The head of the Tripoli parliament, aligned with the Government of National Accord (GNA) based in the capital, dismissed the offer as that of a defeated force.
Haftar’s reversal extends the GNA’s control across most of northwest Libya while Haftar’s Libyan National Army (LNA), based in Benghazi, and its allies control the east and much of the south, as well as most of Libya’s oilfields.
For more than five years, rival parliaments and governments in the east and the west have engaged in a stop-start conflict.
Egypt, the United Arab Emirates and Russia have provided support Haftar, but that backing has been outweighed in recent months by Turkish military backing for the GNA.

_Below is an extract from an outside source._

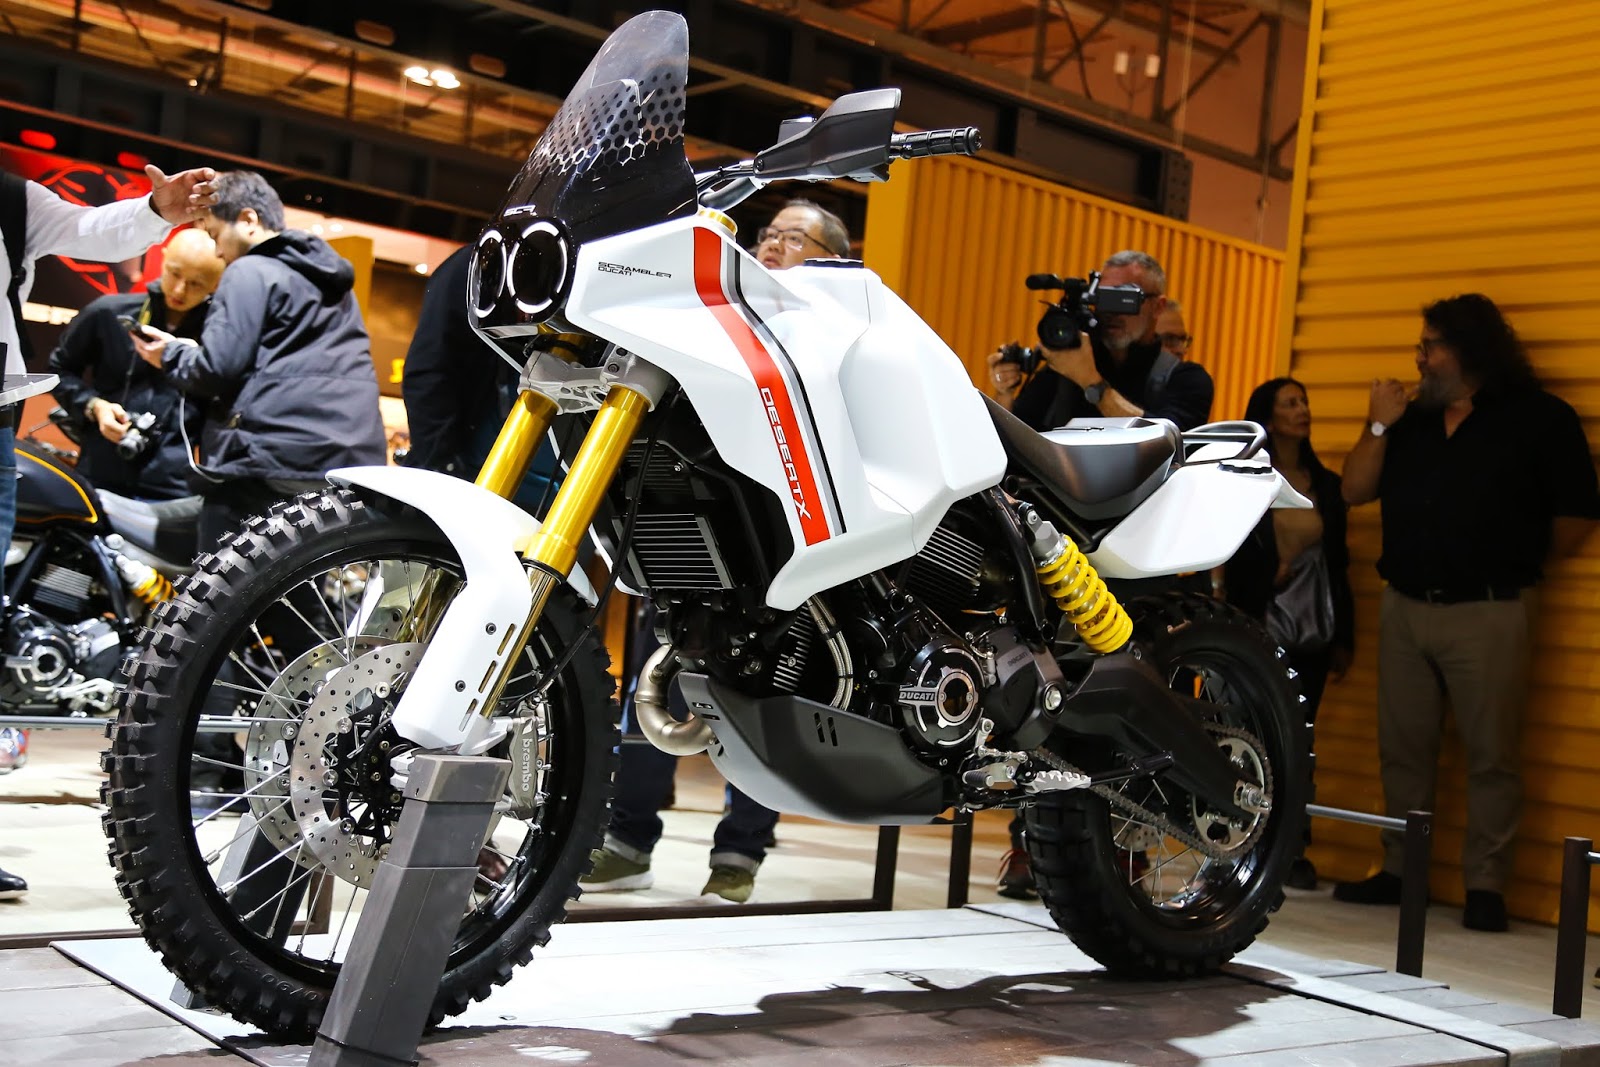 Ducati akan memperkenalkan motor petualang terbarunya yang cukup gahar, yakni New Ducati Desert X

Sisi, who was also accompanied in Cairo by eastern Libyan parliament head Aguila Saleh, proposed a ceasefire starting on Monday.
He said the plan included a call for negotiations in Geneva, then the election of a leadership council, the disbanding of militias and the exit of all foreign fighters from Libya.
In brief comments, Haftar said he hoped Sisi could make “urgent and effective efforts to compel Turkey to completely stop the transfer of weapons and mercenaries to Libya”. The UAE was quick to state its support for Saturday’s declaration.
But Khaled al-Meshri, head of the GNA-aligned legislative assembly, said Libyans had no need for new initiatives and rejected Haftar’s attempt to return to negotiations after military defeat, according to Al Jazeera.
GNA ADVANCE
GNA forces also continued their advance as the LNA retreated from al-Washka, west of the coastal city of Sirte, sources on both sides said.
Libya has had no stable central authority since dictator Muammar Gaddafi was overthrown by NATO-backed rebels in 2011.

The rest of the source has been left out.